Realizing that continued surgical resection attempts might be counterproductive in treating this patient's fungal brain abscess, we switched to a different strategy relying on a prolonged regimen of intracavitary aspirations and instillations of amphotericin B by an Ommaya reservoir already implanted at an earlier resection operation. Intracavitary amphotericin B injections have been documented to be safe with 5 μg daily increasing to 40 μg/day, and a dose as high as 0.5 mg/day was documented to be safe.[
Although it is well accepted that surgical resection appears to be a highly effective treatment for bacterial brain abscess, its role in treating fungal brain abscess may be different and even sometimes counterproductive. Based on our experience with this case, patients with fungal brain abscess may benefit more from intracavitary amphotericin B in combination with systemic anti-fungal therapy. Further experience with future cases will be needed to verify these impressions.

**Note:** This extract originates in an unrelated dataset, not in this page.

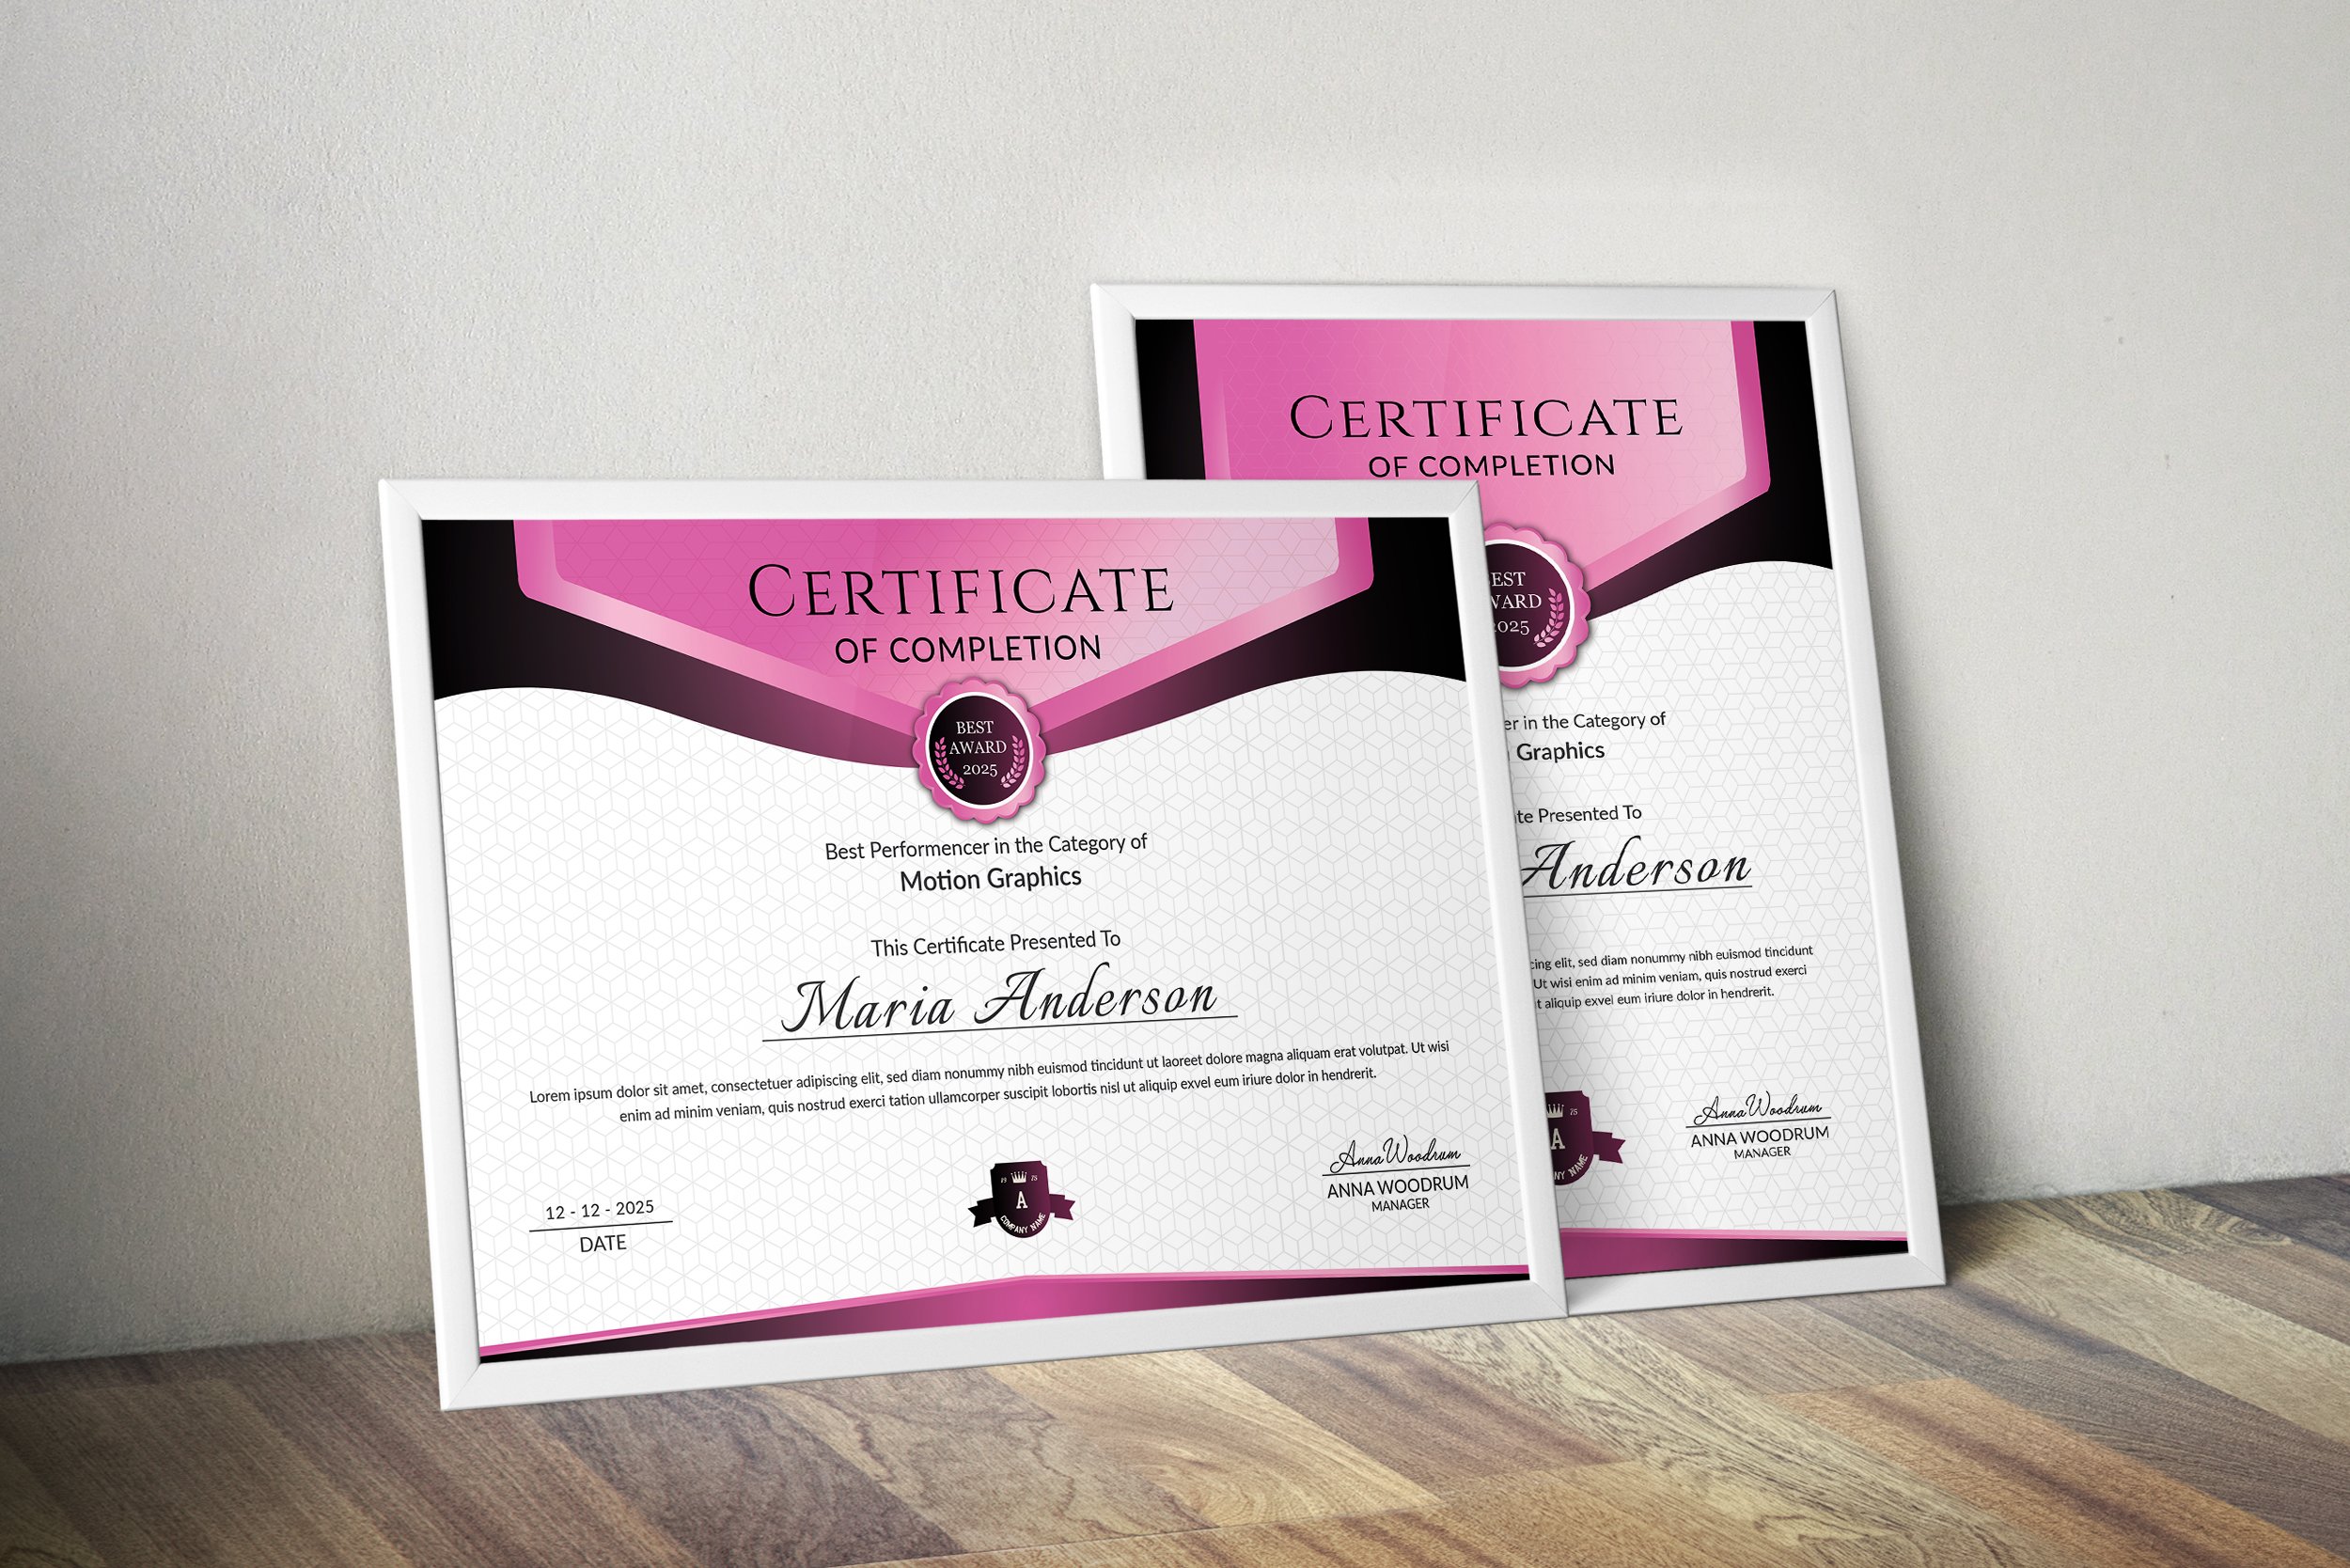 Certificate of Completion Template preview image.

Prolonged follow-up (>1 year) is essential because late relapses are reported to be possible.[
Based on these observations, our current treatment paradigm for black mold fungal brain abscess is to first make a diagnosis by stereotactic aspiration, and if black mold is found, attempt as wide a surgical resection as possible, followed by treatment with maximal systemic medical therapy as tolerated with voriconazole and amphotericin. If the lesion shows early recurrence, rather than attempting further resection of the capsule, consider internal debridement leaving the capsule intact and place a catheter with Ommaya reservoir for intracavitary antifungal therapy. This strategy accepts that the capsule may be important to the patient's immune defense against the fungus and helping that defense barrier with intracapsular and systemic antifungal agents rather than capsular removal may be the better strategy for that patient. If this strategy is adopted, long-term regular treatment on an outpatient basis should be anticipated. Imaging showing persistence of the capsule should not be considered a treatment failure as long as further progression is not obvious. Aspiration and antifungal instillation should continue until the aspirate is cleared of fungal elements and the cultures turn persistently negative. Patience can pay off with eventual sterilization in situ of the lesion with good clinical outcome, despite imaging persistence of the lesion.

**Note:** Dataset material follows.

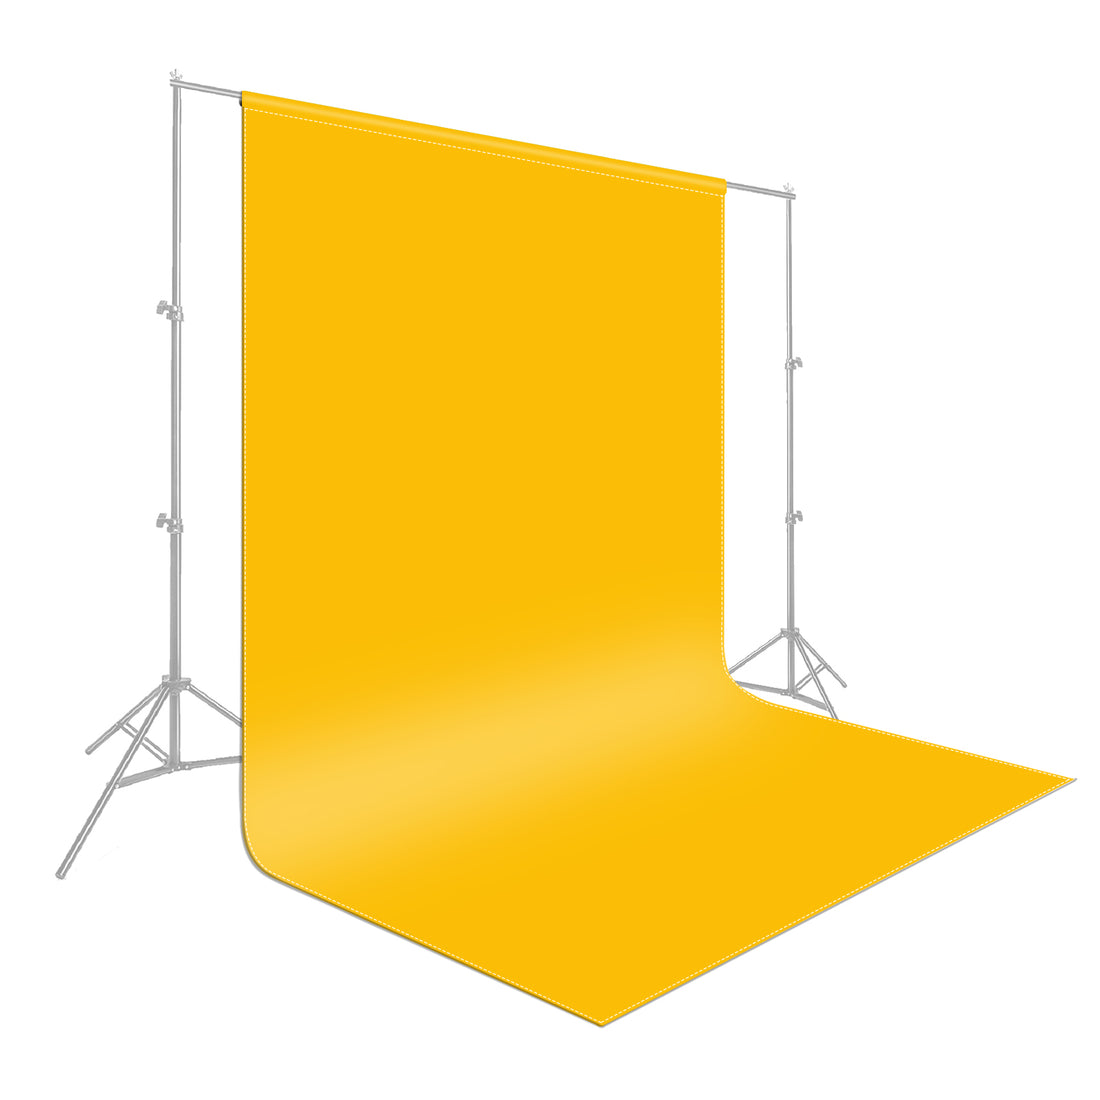 Avezano Yellow Solid Color Photography Backdrop

Optimal surgical treatment of fungal brain abscess may differ from that of bacterial brain abscess. In particular, the role of extracapsular surgical excision may not be as effective for fungal brain abscess as for bacterial abscess. While bacteria are confined by the fibrous capsule, fungal hyphae can extend beyond it. In addition, antibiotics for bacteria may be more effective than those for fungi. In cases where surgical resection of fungal brain abscess is followed by early enlargement or rapid recurrence, or the sensitive location does not allow initial wide resection, long-term repeated aspiration with intracavitary amphotericin B together with systemic oral voriconazole may still prove successful.